Ericson2314 commented 2 years ago

Still interested.

wmertens commented 2 years ago

@Ericson2314 thoughts on using bup instead of git? https://stackoverflow.com/a/19494211

Ericson2314 commented 2 years ago

@wmertens Well, two things:

  1. I want to un-hard-code NAR, so we can be less idiosyncratic and better integrate with other tools and communities.
  2. I want to support Git as part of that un-hardcoding because it is in wide use (for source code) today, regardless of the technical merits.

From a brief look, bup has some interesting qualities, but I don't want to "choose a winner" -- a single best NAR successor.

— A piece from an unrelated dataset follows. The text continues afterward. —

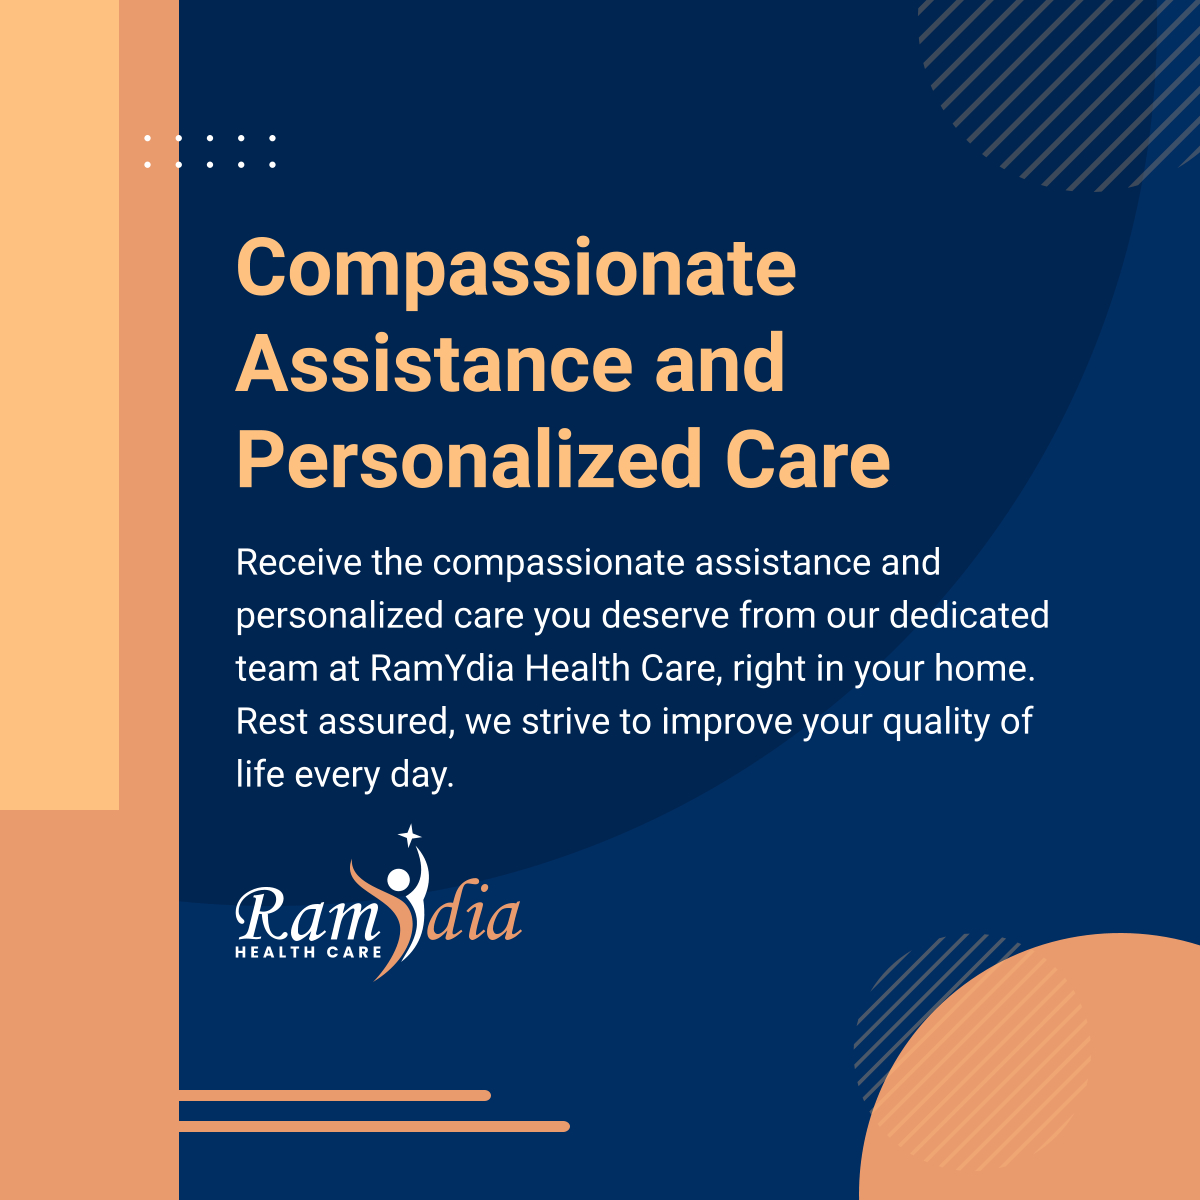 Compassionate Assistance and Personalized Care 

#PerthAmboyNJ #CompassionateAssistance #PersonalizedCare #HomeHealthCare

wmertens commented 2 years ago

@Ericson2314 is the backing store based on git that I describe at https://gist.github.com/wmertens/eceebe0fc05461ebdc8fb106d90a6871 what you have in mind or something different?

Reading that SO answer I do worry that git might be a poor backing store on embedded systems, at least when adding things to the store. There are also some derivations that put 300MB ISO files in the store, I wonder how much memory git needs for that.

Furthermore, I wonder if I'm not prematurely optimizing the store path patching in my proposal, since bup for sure will find tons of unchanged chunks in binaries that only differ in embedded store paths, thanks to the rolling hash. Git OTOH needs to find a previous file to start from.

Given that bup uses git packfiles, I wonder if they can be fetched using git, limiting to only what's needed for a certain closure.

As a quick test I'll throw my store through bup to see what ratios I am getting (but not at my computer now)

wmertens commented 2 years ago

I asked a question on their mailing list https://groups.google.com/g/bup-list/c/WSROvfjwz3M

Ericson2314 commented 2 years ago

@wmertens What I have is just https://github.com/NixOS/nix/pull/3635. There are no packfiles or other implementation changes. It is just does the normative part of allowing a git tree/blob hash for a content address. It also works just on the level of individual "store objects" (the things store paths point to), rather then being an entire-store design.

This I think is the right "beachhead", after which further work improving the implementation can be done transparently. It will at least allow us to start improving the way we ingest git sources right away.